National Day of Mourning

I know that last year when I wrote on this topic, some found it depressing. Here are two reasons I will be highlighting some words of Native People’s this week.

  1. Thanksgiving is more or less the only time of year that any attention on a national level is given to the history of this country as it involves Native People. It is the one day that many are evening considering that there where people on this land when the pilgrim’s arrived, and it is one opportunity to prick a hole in the pretty packaged history we’ve created for ourselves.
  2. As a Christian, I am compelled more and more that Jesus pointed to the poor, the oppressed, the downtrodden and outcast as the true leaders of his kingdom, the ones who receive blessing, the ones to whom the kingdom belongs. In an effort to follow Christ, I want to give opportunity to silence my voice, and lift up others

The National Day of Mourning takes place on the same day we celebrate Thanksgiving. It is a protest by Native People’s to mourn the loss of their land and the injustices that have continued since that time. With no real solution on the horizon it’s been asked, “When will the protest end?”
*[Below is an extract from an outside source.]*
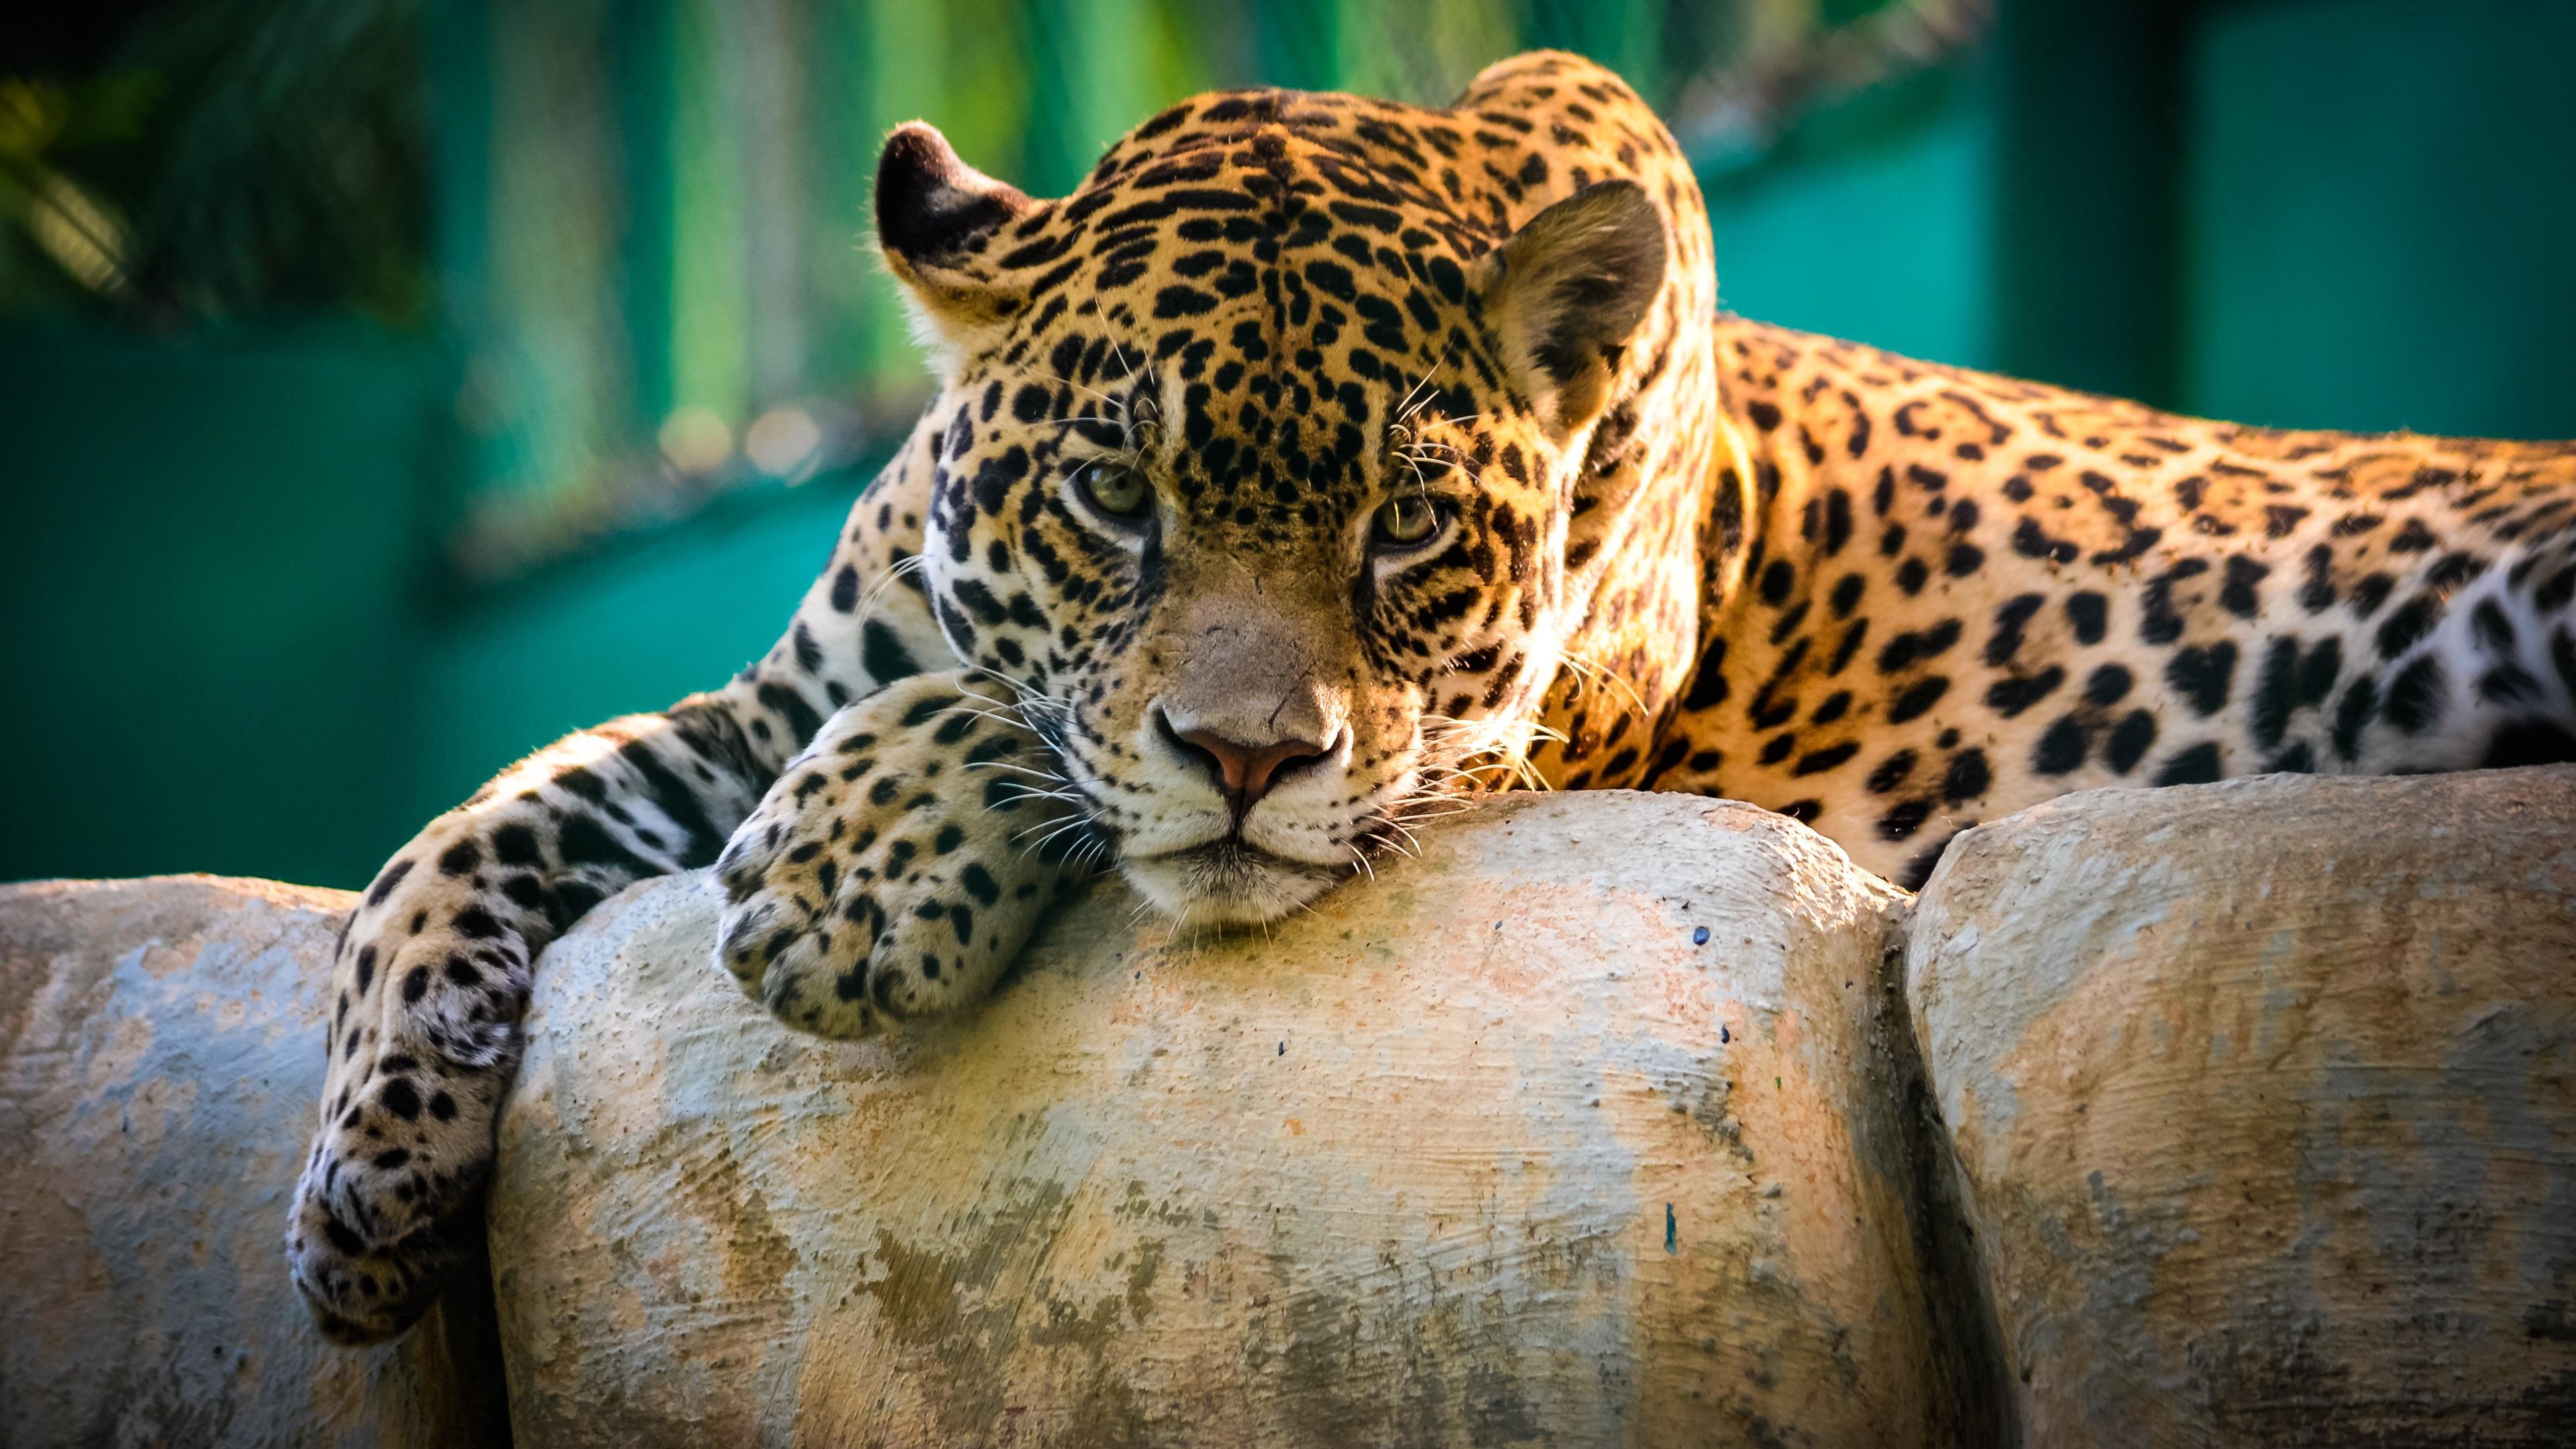 jaguar_mexico-3840x2160_07022018090359.jpg

According to a speech by Moonanum James, Co-Leader of United American Indians of New England at the 29th National Day of Mourning, November 26, 1998:

Some ask us: Will you ever stop protesting? Some day we will stop protesting: We will stop protesting when the merchants of Plymouth are no longer making millions of dollars off the blood of our slaughtered ancestors. We will stop protesting when we can act as sovereign nations on our own land without the interference of the Bureau of Indian Affairs and what Sitting Bull called the “favorite ration chiefs.” When corporations stop polluting our mother, the earth. When racism has been eradicated. When the oppression of Two-Spirited people is a thing of the past. We will stop protesting when homeless people have homes and no child goes to bed hungry. When police brutality no longer exists in communities of color. We will stop protesting when Leonard Peltier and Mumia Abu Jamal and the Puerto Rican independentistas and all the political prisoners are free. Until then, the struggle will continue.